The fluctuations in cognitive function can be significant in DLB. Day-to-day or even hour-to-hour variation is typical and one of the major ways DLB can be differentiated from AD. AD patients may have good days and bad days in terms of alertness and cognitive function, but the variation is typically much less pronounced. Hallucinations are also prominent in DLB. Typically, patients will have highly detailed visual hallucinations that, somewhat surprisingly, they will report as not particularly bothersome. Stereotypically, the hallucinations are of children, though this does not have to be the case. Finally, the parkinsonian features including tremor, rigidity, and bradykinesia, are a common finding in patients with DLB, though the tremor in particular tends to be less pronounced than in PD.
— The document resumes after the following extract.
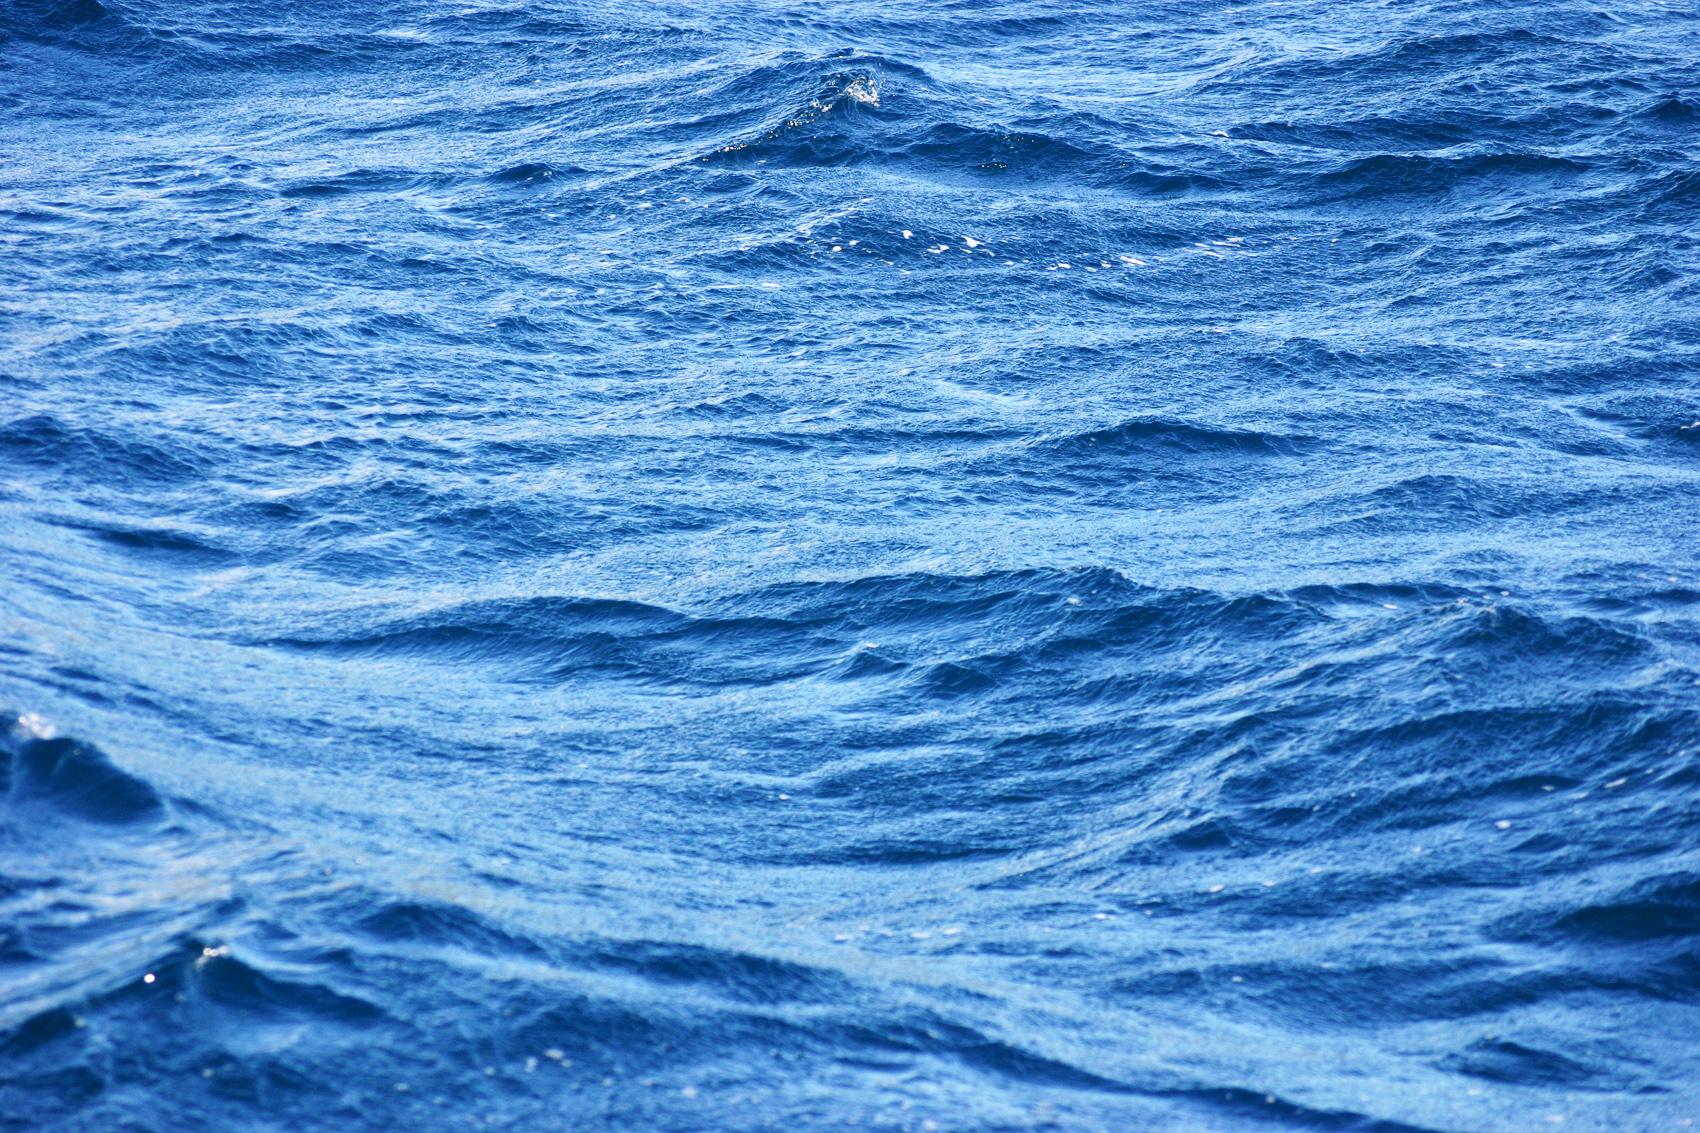 Blue water, Blue, Ocean, Sea, Water, HQ Photo
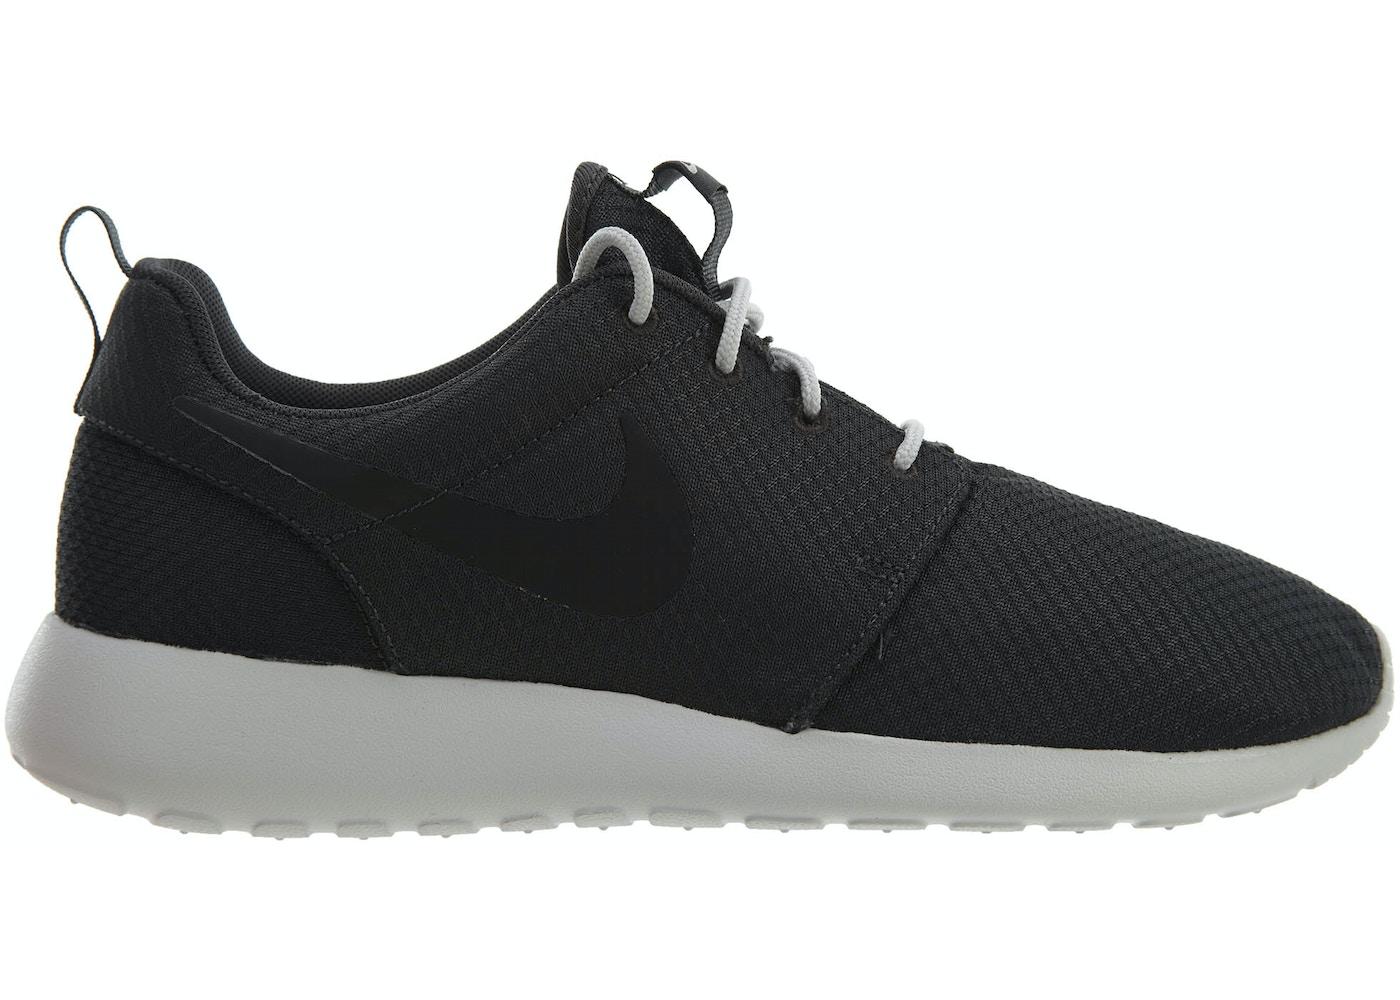 save off 82416 195da Nike Roshe One Anthracite Black-Vast Grey

Though not often useful for diagnosing DLB, one of the suggestive features of the disease is an exaggerated sensitivity to neuroleptic agents. As many as half of patients with DLB and 40% of those with PD with dementia experience severe adverse reactions to these drugs and other agents that antagonize dopaminergic receptors.24,25 Many clinicians feel that newer, atypical antipsychotic agents pose a lower, though not negligible, risk. Because hallucinations and, to a lesser extent, agitation are common manifestations of DLB and PD with demenia, this potential sensitivity to neuroleptic agents is something all pharmacists should be aware of. Given the benign nature of the visual hallucinations and also that agitation can often be treated with nonneuroleptic agents such as trazodone, minimizing the use of dopamine antagonists in patients with DLB or PD with dementia is critical. Patients and their caregivers should also be informed of the risks associated with neuroleptics, as many prescribers are unfamiliar with this particular complication of DLB. Unfortunately, early in the course of disease DLB can be difficult to differentiate from AD, and it is common that one of the early clues that a patient may have DLB rather than the more common AD is a severe adverse reaction to a prescribed neuroleptic.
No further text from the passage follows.